Hi Thomas, Yes, "Tx Unit Hang" is something we have seen before. Could you provide me with output from the following please, so that I know what you have in your system. lspci -tv lspci -vvv -xxx ethtool -i eth0 ethtool -e eth0 cat /proc/cpuinfo Additional information might help. Can you provide more detail on the transfer please ? Were you sending from or receiving to the problem interface ? Were you using ftp, nfs, http, something else ? How large are the files, about how long does it take for the failure to occur when you start the test ? I have already started trying to reproduce your failure, and when I get this information will have a more focussed shot at the repro. If I get this info and still can't get a repro within a few hours, I would then like to send you a test driver to gather more information. Dave
Created attachment 347149 [details] Output of lspci -tv
Created attachment 347151 [details] cpuinfo
Created attachment 347152 [details] Output of ethtool -e eth0
Created attachment 347153 [details] Output of ethtool -i eth0
Created attachment 347154 [details] Output of lspci -vvv -xxx
The system is used as a NAT box and a samba file server and the Intel NIC is at the internal side of the network. Copying a file via samba from the system to another seems to immediately trigger this if the file size is at least a couple of MB. Copying a file via scp from the system hangs after a few MB. It also happens (after some seconds) when I try to upload a file from a different computer via this box to a ftp server on the internet. Web browsing and receiving/sending eMails through the box seems to work (mostly) fine, however it had also happened when I tried to upload a file (~250kb) via HTTP using a form. It looks like it's the act of "trying to transfer a not-too-small bunch of data as fast as possible" that's causing this.

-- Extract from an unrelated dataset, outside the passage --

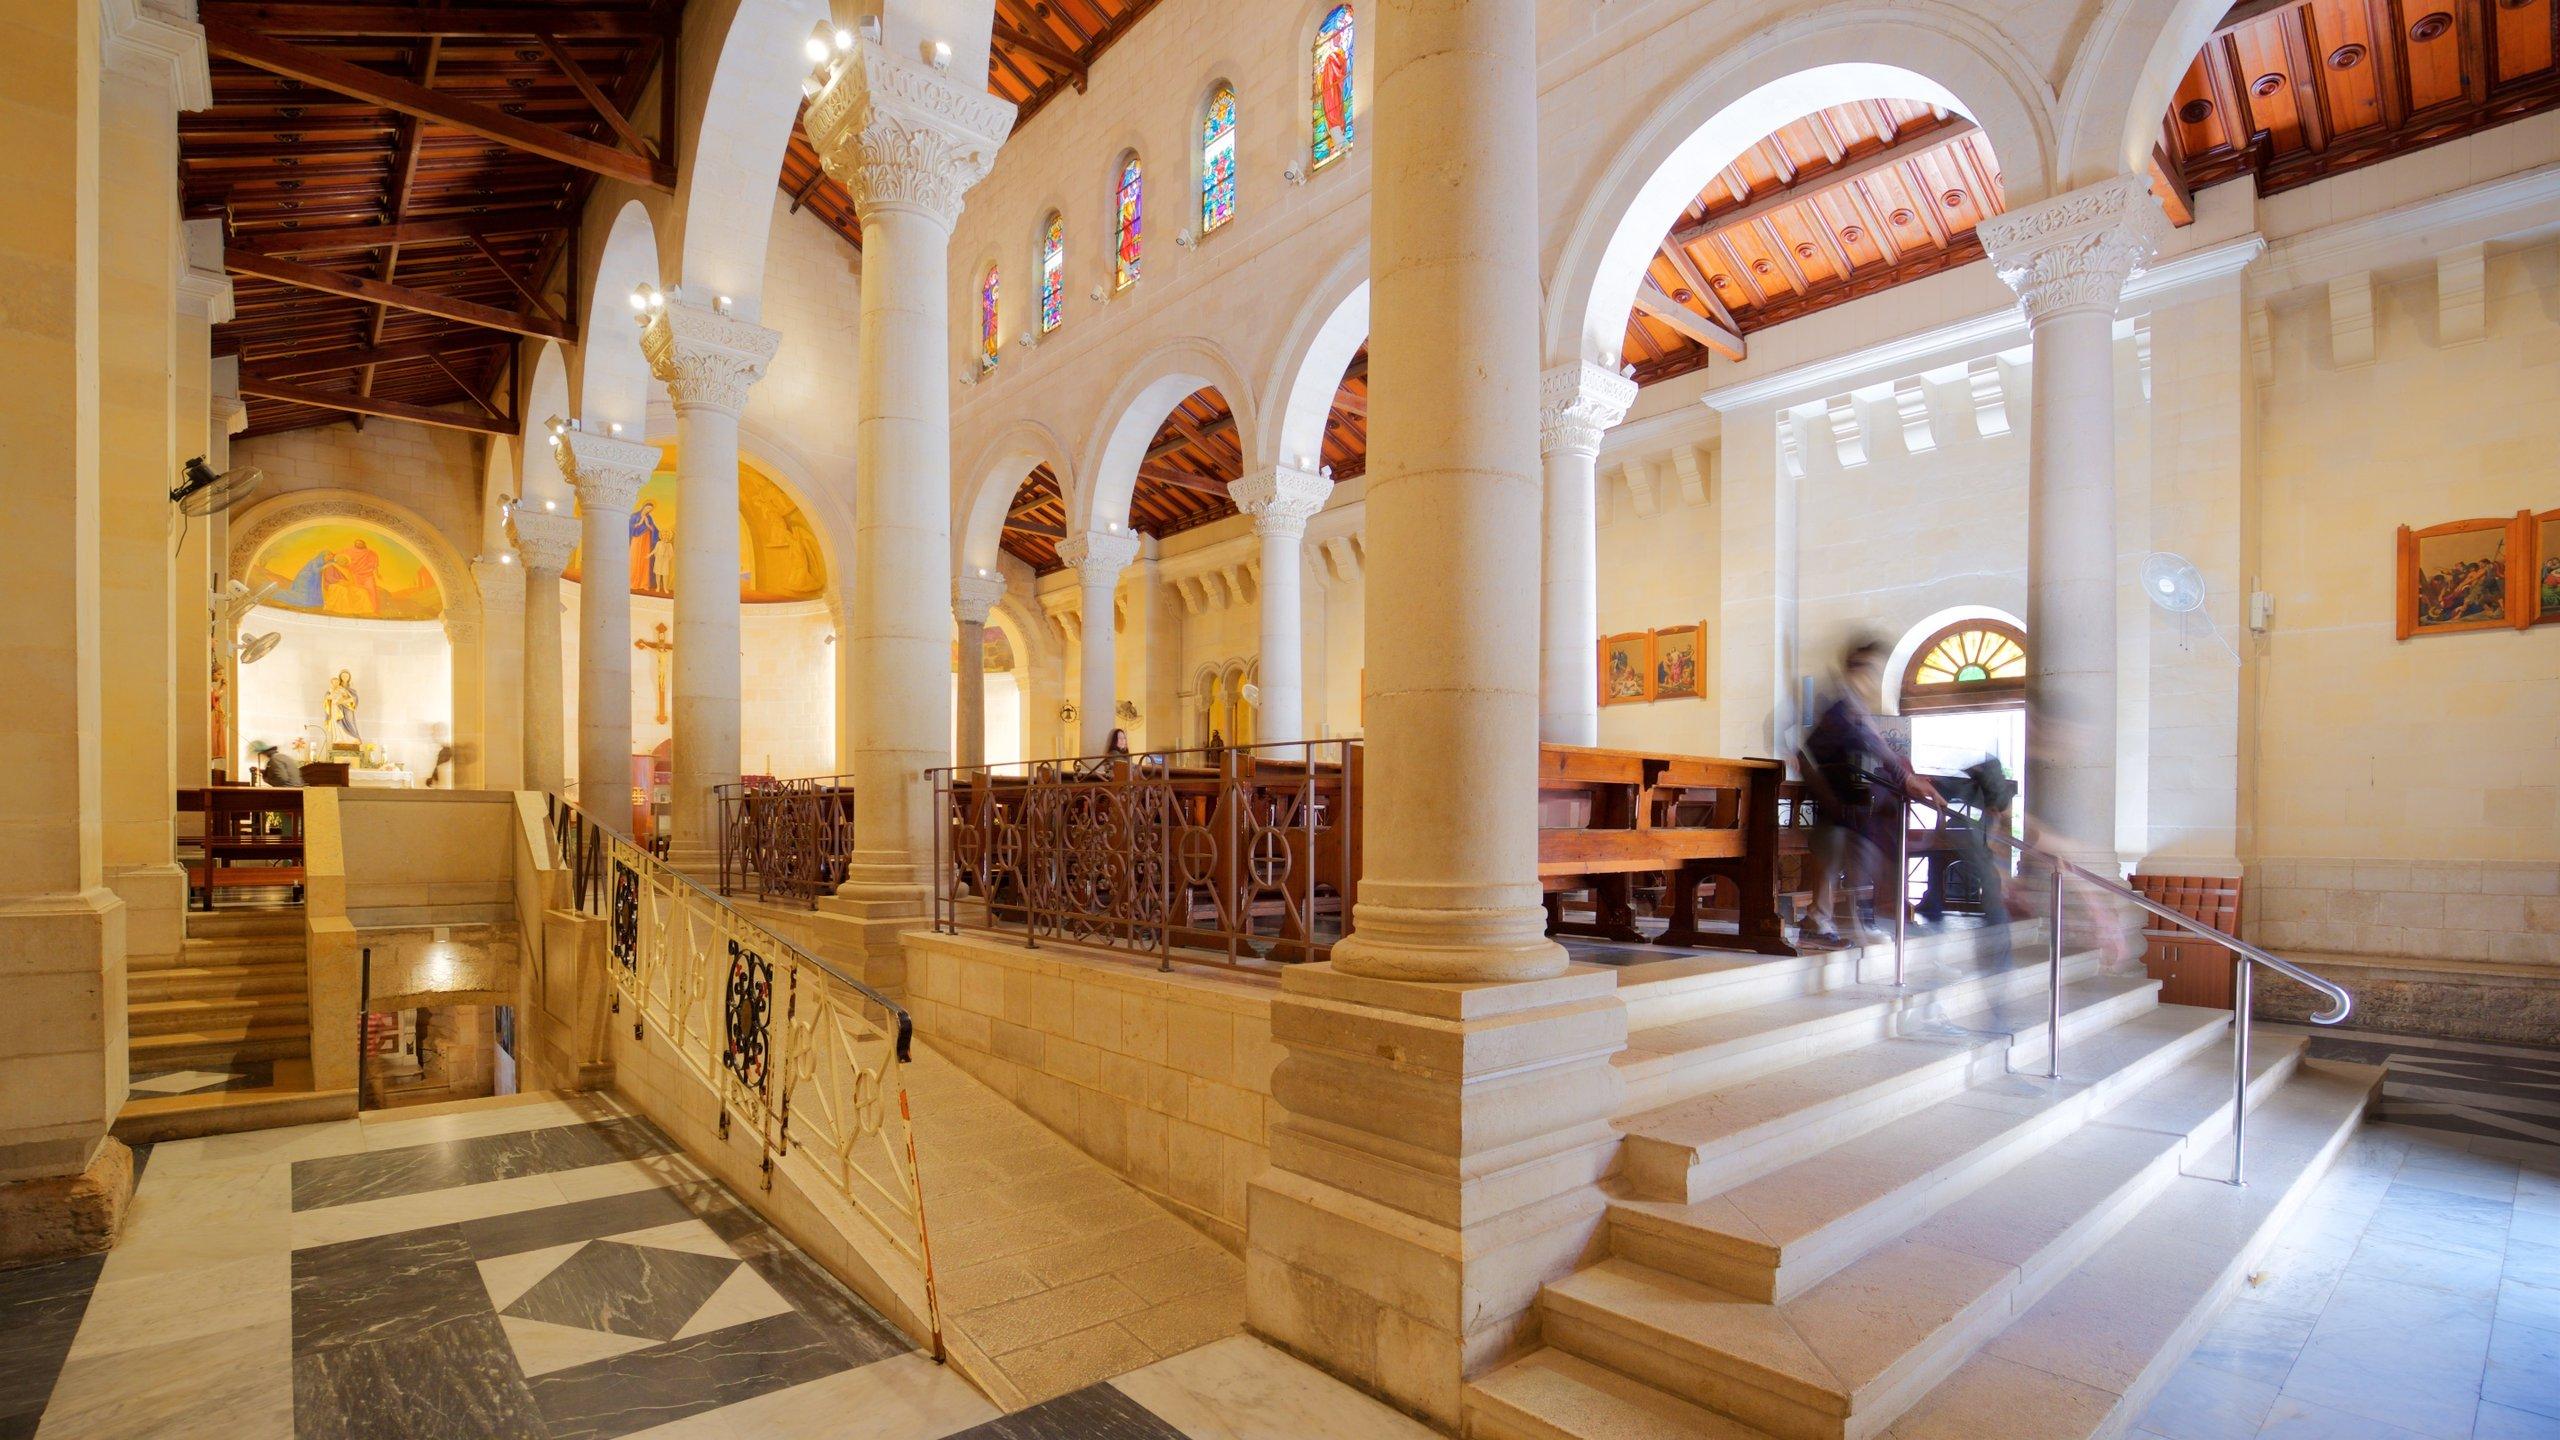 St. Joseph's Church, Nazareth, Northern District, Israel

Thanks for the information so far. I have not yet been able to see the Transmit Hang that you report. That may be because I have not got exactly your configuration. I'll continue trying. In the meantime, here's an idea. The issue may be related to TSO, which is enabled by default on this driver/kernel. TSO, or "Transmit Segmentation Offload" allows large packets larger than the typical 1514 byte ethernet packet size to be handled by the driver, which is then responsible for their ultimate segmentation before sending to the wire. IN our case the segmentation task itself is offloaded to the NIC, so there is an efficiency gain, partially by offload of the segmentation process itself from the CPU, and also a result of the reduced number of TX stack traversals per packet. But for maximal performance gain, the NIC must be able to cache at least 2 (typically 64KB each) - TX frames for segmenation, and this older silicon might not have a large enough TX FIFO to do that properly, or the driver hasn't properly taken the FIFO size into account. I'm trying to find out. But there's a good chance that TSO is somehow involved, and its easy to find out, because we can disable it. #ethtool -k eth0 // show initial offload capabilities #ethtool -K eth0 tso off // disable TSO Please do this, and see if the problem is resolved. That is not root cause for the bug, but might be an acceptable workaround for now, and will help a lot for me to know where to focus. (Maybe we simply will always disable TSO for this part). If you do see that the problem is resolved by disabling TSO, then you may also witness a performance drop. In my testing (netperf TCP_STREAM test), I see a TX drop from about 628 Mbps to 480Mbps when I disable TSO. I was able to regain some of that loss (back to 560Mbps) by also disabling a related kernel stack feature GSO "Generic Segmentation Offload". If you need, you could do the same thing, using: #ethtool -K eth0 gso off // disable GSO Dave
I hate to disappoint you, but it looks like tso is already disabled by default... After a reboot I get: # ethtool -k eth0 Offload parameters for eth0: Cannot get device flags: Operation not supported rx-checksumming: on tx-checksumming: on scatter-gather: on tcp-segmentation-offload: off udp-fragmentation-offload: off generic-segmentation-offload: on generic-receive-offload: off large-receive-offload: off As an additional note: The device is part of a bridge: # brctl show bridge name bridge id STP enabled interfaces br0 8000.0008543de303 no eth0 eth2 tap_vpn_udp
Thanks Thomas. Did you try disabling GSO too ? I read that GSO was only enabled by defaul on 2.6.26, so it may be a new factor. I really don't know, but its easy to disable for a quick test. Its interesting that you have both the RTL-8169 and the 82547EI in the bridge. Again I don't know how that might be relevant, but could you try your simplest test again please with the 82547EI directly, out of the bridge ? What's the tap_vpn_udp. I reread your original note and see that you were still had the TX Hang even after you switched back to the older kernel version. That's weird. Can you think of anything else that changed in your configuration when the problem first appeared ? I have now got hold of an 82547EI, so will try again to repro what you see.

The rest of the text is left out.